Home Security Information Series

Pet Door Security Risks and Options

Pet doors solve a daily convenience problem — but any hole in an external door or wall is also a potential entry point. This guide explains when flap size and location create real risk, what reach-through means for nearby locks, how lockable covers help, and why garage-mounted flaps deserve extra attention alongside your main entry layers.

Who should read this guide?

1. Why pet doors matter in a security review

Main entry doors receive most upgrade attention. Pet flaps are easy to overlook because they serve a household routine — but crime-prevention guidance treats any secondary opening like a small door. Offenders who scout properties notice flaps, cat doors, and mail slots as potential weak points, especially when paired with lightweight internal latches.

External door entry points on a typical home Diagram of a house from above showing front, rear, side, and internal garage access doors External door entry points Garage Front door Rear door Side door Garage access Street / front of property ↓
Intruders may try any reachable external door — not only the front. Garage-to-house doors deserve the same lock consideration as main entries.

Your assessment should include every route into the living area, not only front and rear hinged doors.

2. Flap size and who can fit through

Pet doors are rated by pet size — small cat, medium dog, large dog. Security concern scales with opening dimensions. A large flap may allow a slim person partial entry; even when it does not, an arm may reach internal thumb turns, key hooks, or handle sets mounted near the flap.

Pet door entry risk Small flap in a door or wall that may allow reach-through or body entry Pet door weak points Pet flap Reach-through to inner lock Some flaps fit small adult shoulders Secure options Lockable cover Electronic flap Treat pet doors like any secondary opening — especially on garage or rear doors.
Pet doors vary widely in size and locking. A large flap on a door that connects to a garage or rear yard can be more than a pet-access convenience — assess reach-through and body-fit risk.

Measure the flap and test reach from outside with the door locked. If you can touch the internal handle or deadlock thumb turn, treat the pet door as a priority fix.

3. Reach-through and lock placement

Locks and handles within arm's reach of a pet door are vulnerable. Relocating hardware is rarely practical; blocking the flap or upgrading to electronic locks with key-only external access may be more feasible. Sliding doors with integrated pet panels combine two weak elements — address track locks and flap covers together.

4. Lockable covers and security plates

After-market covers slide or bolt over the flap, preventing entry and reach-through when engaged. Choose models fixed with screws into door or frame — not suction or adhesive on external surfaces exposed to weather and leverage.

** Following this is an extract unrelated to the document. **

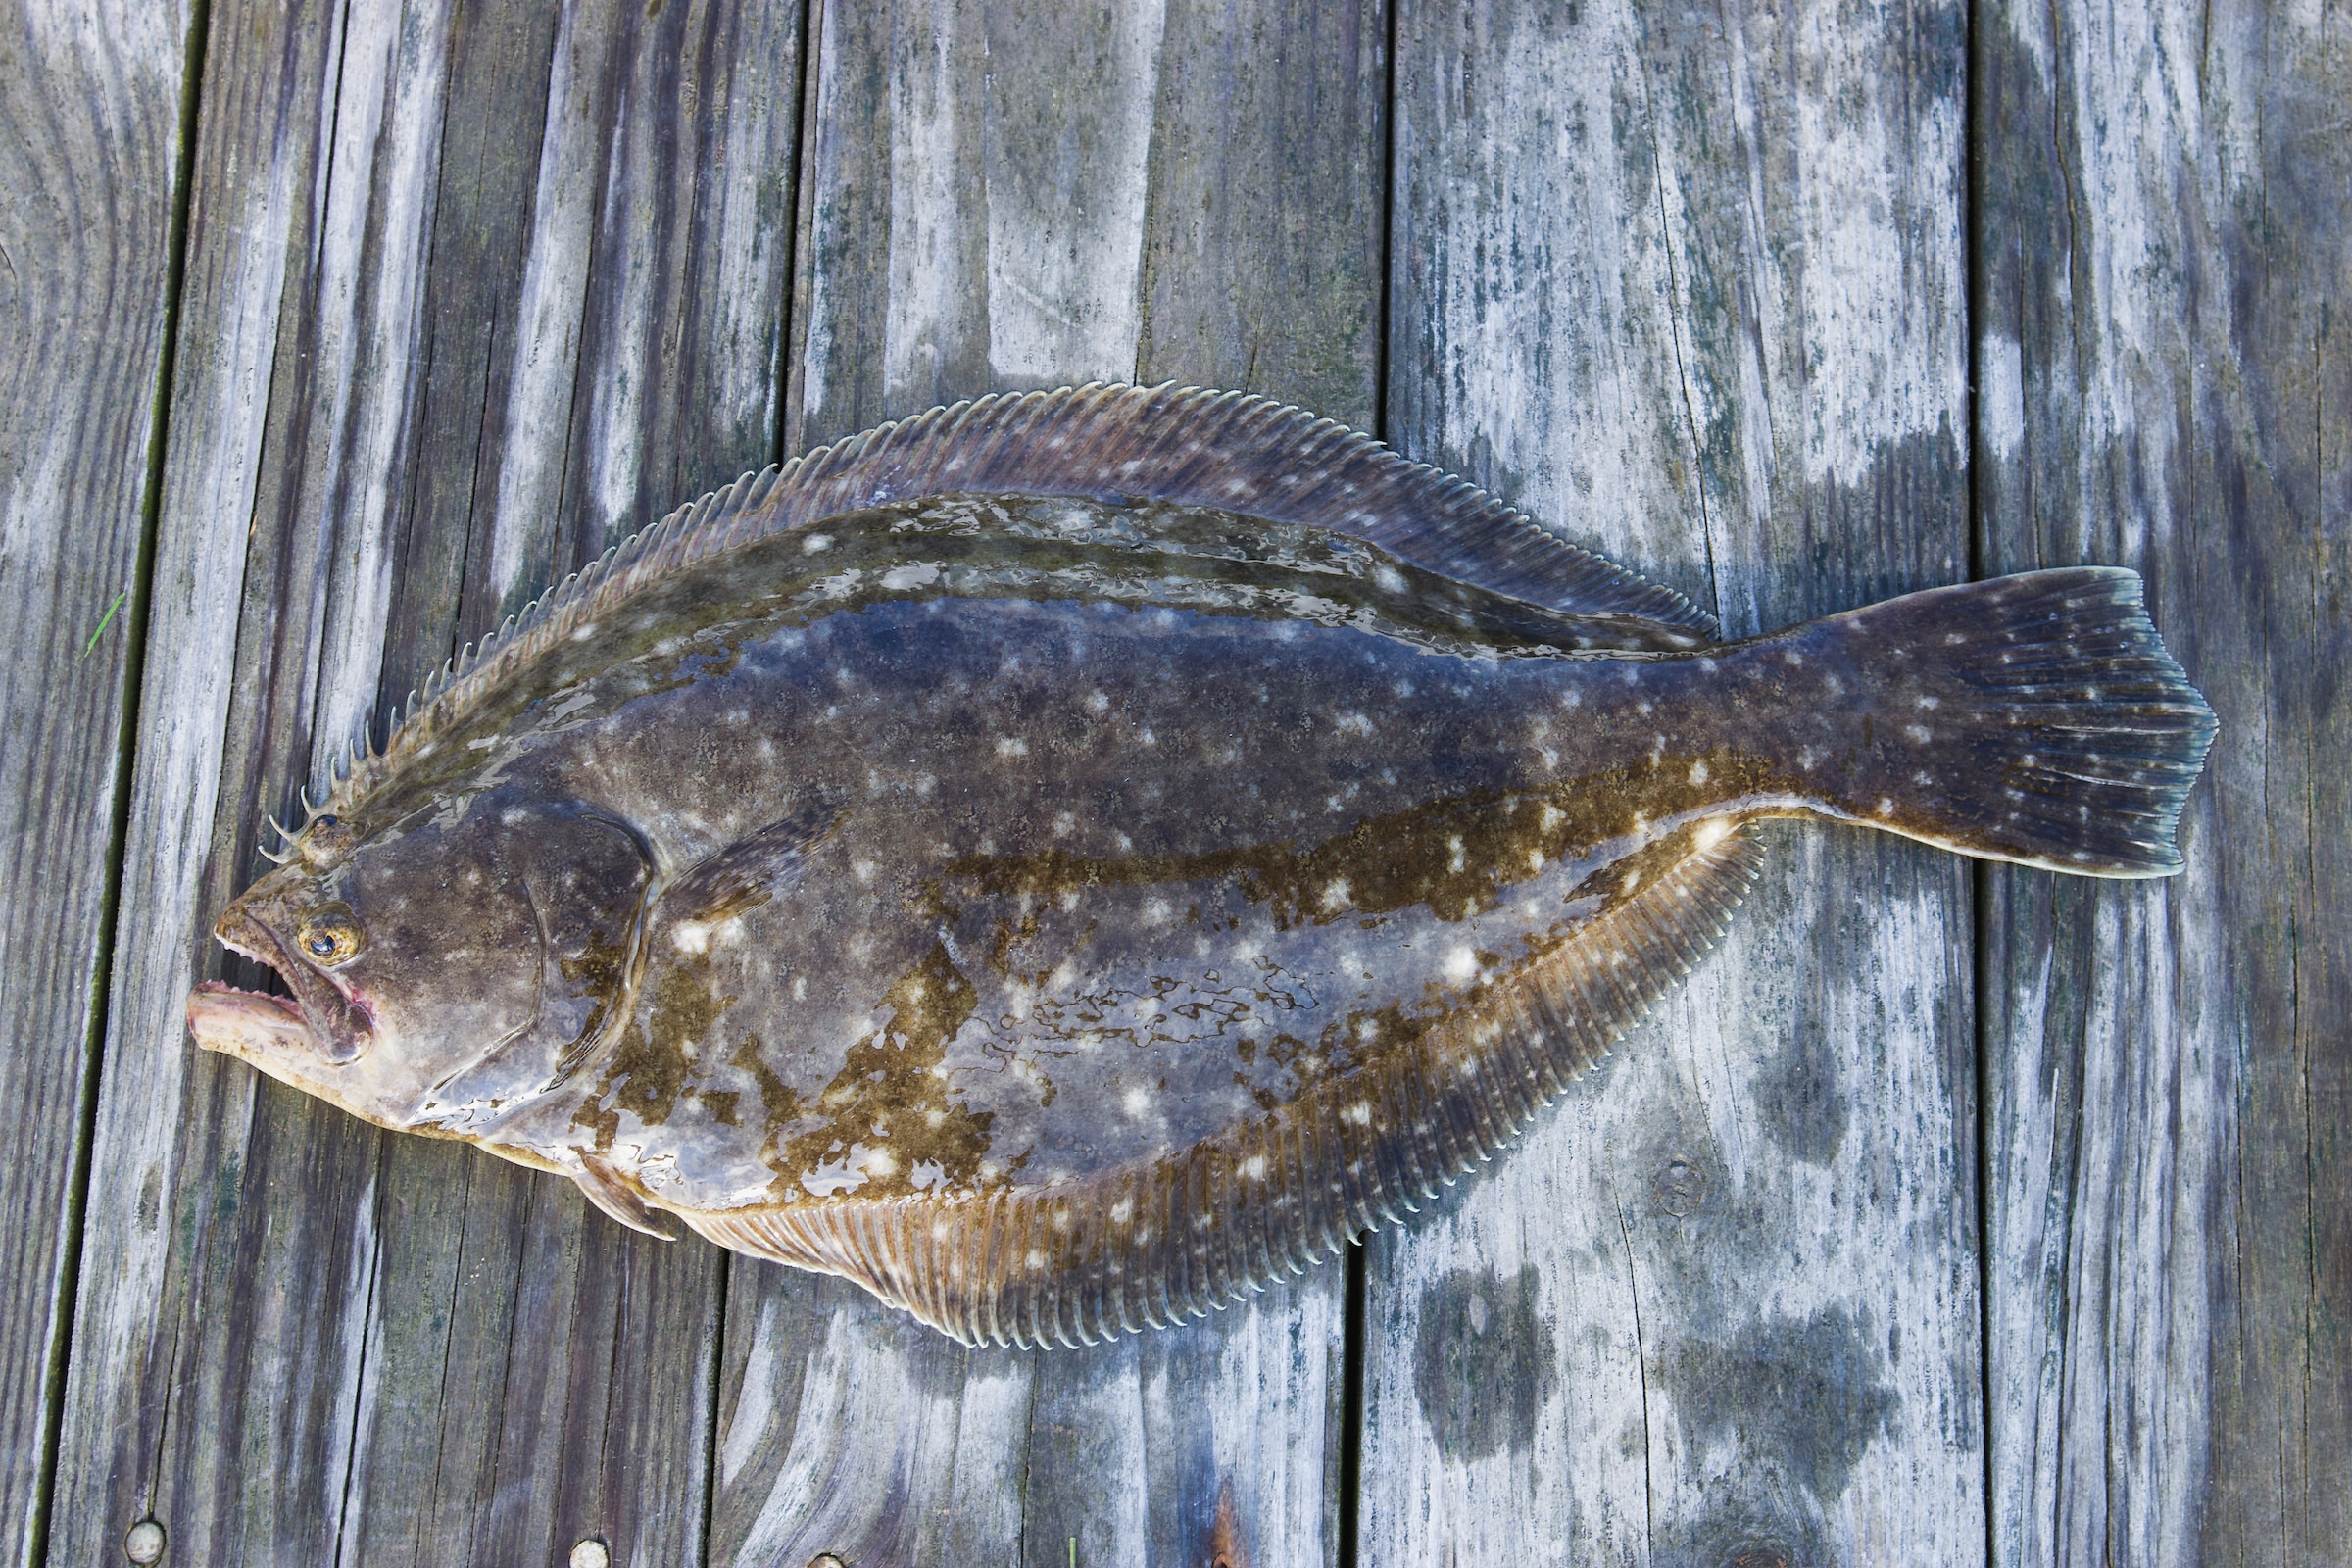 A summer flounder recently caught on a wooden dock

Use covers consistently: overnight, when away for the day, and on holiday. A cover left open half the week negates the benefit. Train household members so the routine matches locking the front door.

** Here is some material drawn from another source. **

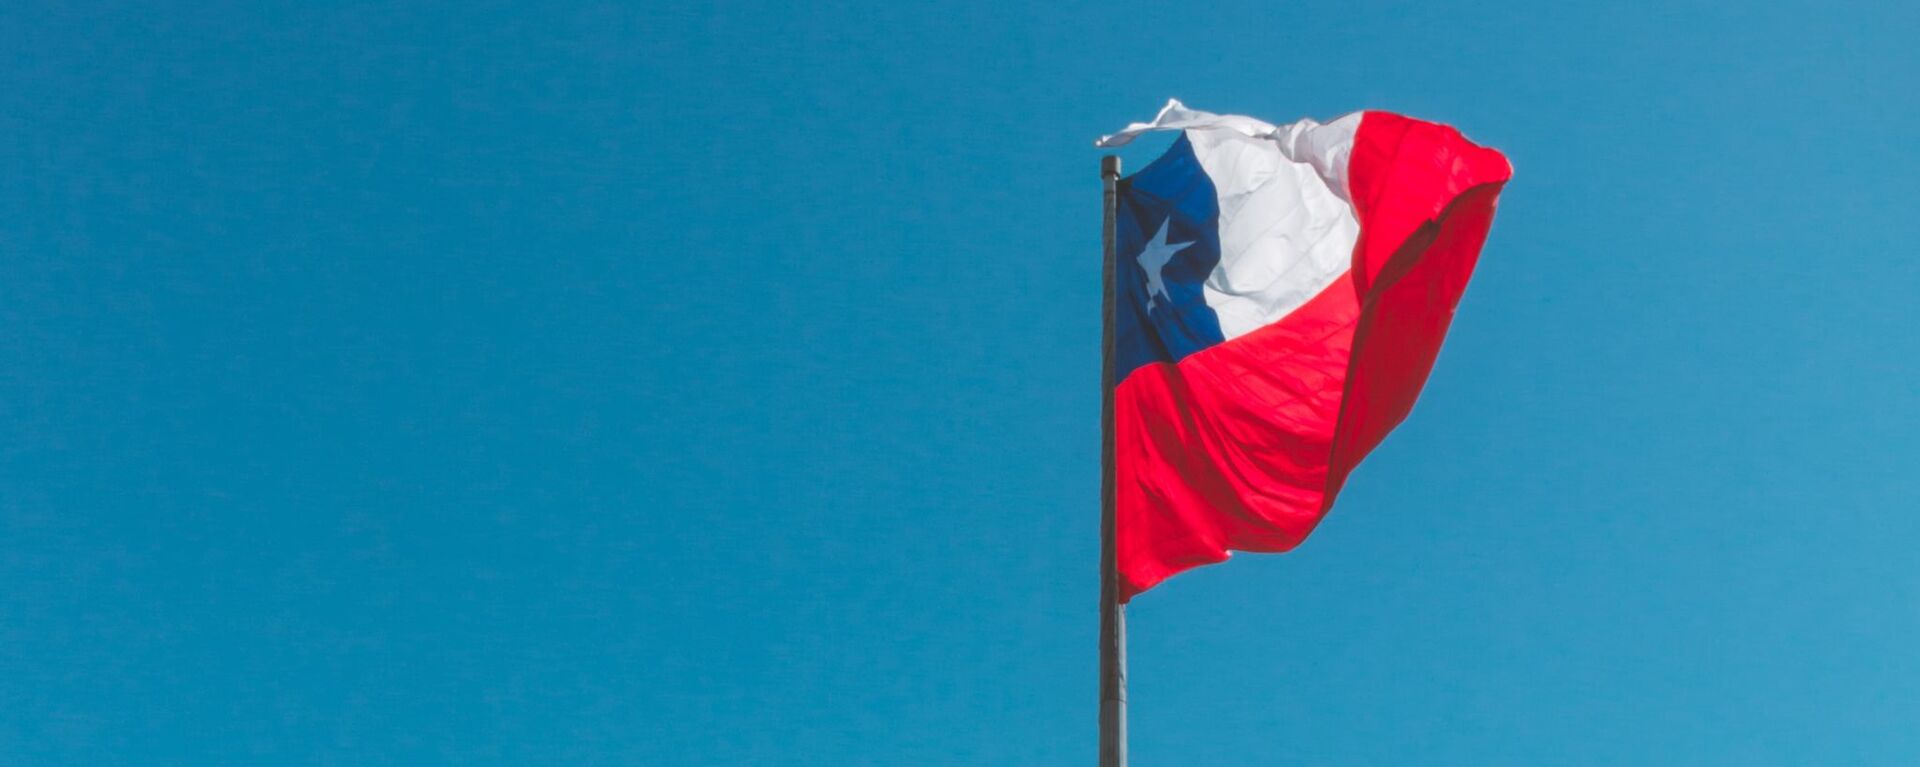 La bandera de Chile - Sputnik Mundo, 1920, 27.04.2021

5. Garage doors and internal entry

Pet flaps cut into garage roller doors or side personnel doors introduce a weak point in a boundary that is already softer than masonry walls. Once inside an unsecured garage, an offender faces the internal door to the house — often weaker than the front entry.

Treat that internal door as external-grade: deadlock, solid core, and no spare keys stored inside the garage. See garage entry door security and garage roller door security for related guidance.

6. Planning new pet doors

If you are installing fresh, prefer locations that do not open directly into sleeping areas or rooms with valuables visible from the flap line. Wall tunnels into laundry spaces keep the living perimeter intact. Check local building rules and door warranty terms before cutting structural doors.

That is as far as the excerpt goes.